How many people would picture the showdown between the world's teenage wizard savior and the greatest dark lord ever taking place in a graveyard, at midnight during the worst storm of the year?

I thought so.

Apparently, Harry Potter did too. So naturally, a vast field of swiftly-trampled, multi-coloured wildflowers at high noon on a gorgeous summer day threw him. Which could be why he felt trance-like and tranquil while hexing death-eaters left and right? A confundus here, an incendio there, he moved with a fluid, dreamlike grace, robes swaying, his lips barely moving with his murmured spells. It felt like a perfect dance, his wand his passionate partner, tangoing his way past deaths' grinning skeleton reaper to the final prize.

Lord Voldemort.

The man once known as Riddle was dancing too, his moves the opposite of our jaded hero's, as mesmerizing in his death-dealing as a dancer in full pirouette. When he and Harry finally engaged each other, face to snake-face the wind itself stilled in awe. Time hung suspended in the air like the killing intent hung between them, a green flash murder only a whisper away. Death was not the purpose though, at this moment. Death was only the punishment for the first who faltered from this waltz, this slow crescendo of wills, of primal instinct to better, to survive.

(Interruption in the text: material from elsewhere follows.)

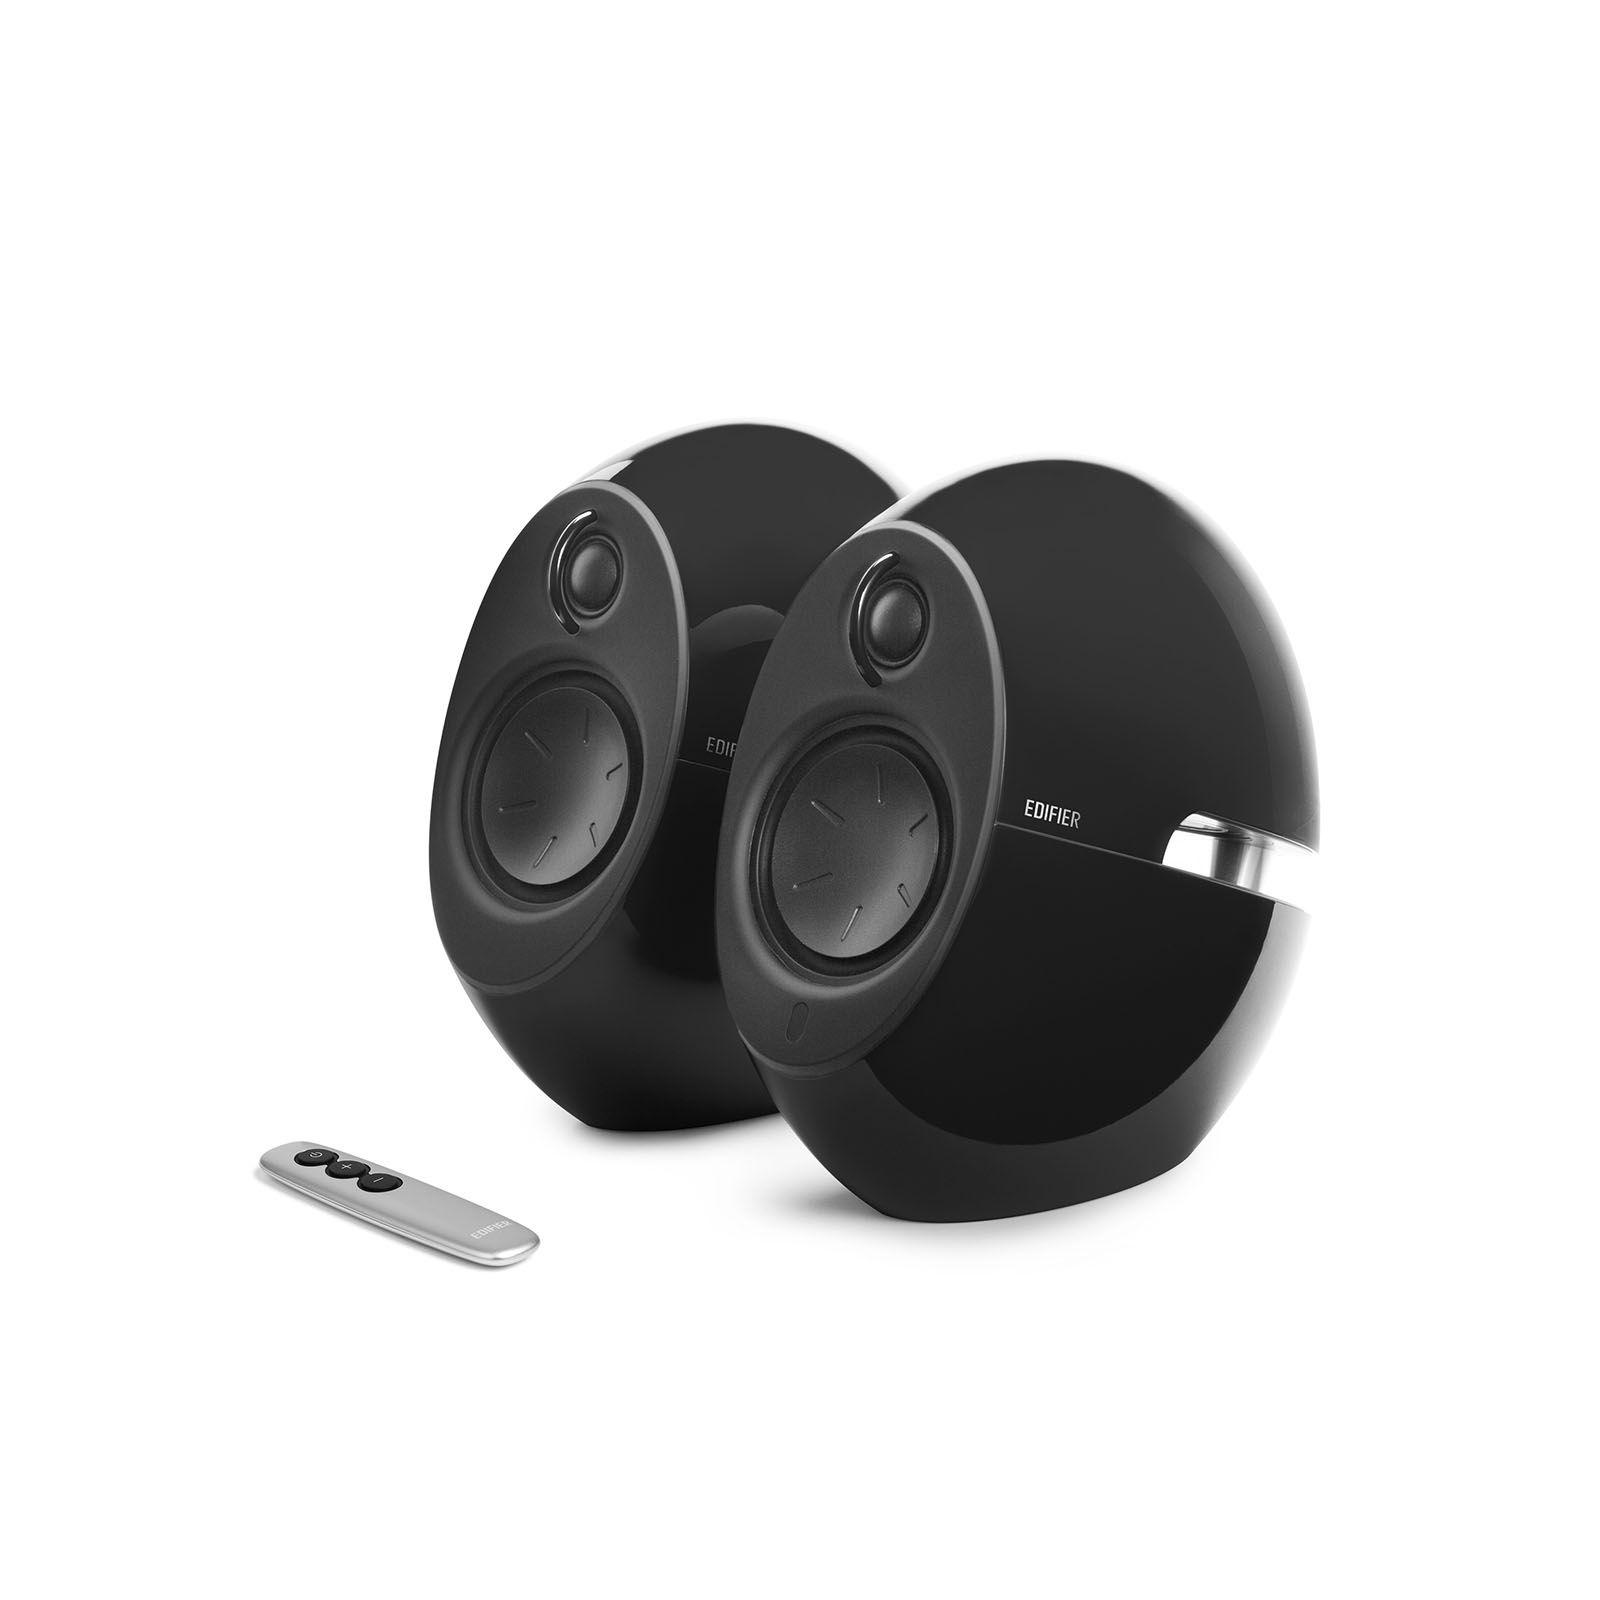 E25hd Luna Hd Bluetooth Wireless Optical Tv Speakers Bluetooth Speakers Bluetooth Speakers Portable Bluetooth

Harry was in full-focus of the creature before him, serpent-like and red-eyed and foul, glaring into him like the emptiness of Nietzsche's vast abyss. He could tell it was close now, only a moment away. Only one spell would fly true. Only one would succeed. And for the love of all that lived, Harry hoped it was him.

It's strange then, to think that at such a crucial moment Harry could have been distracted by a sudden vision of white-blonde hair cursing down a random masked minion, but he was. The spells were cast and Harry was off just a quarter beat, and a hairsbreadth to the left perhaps. Harry Potter had faltered.

Avada Kedavra

End game.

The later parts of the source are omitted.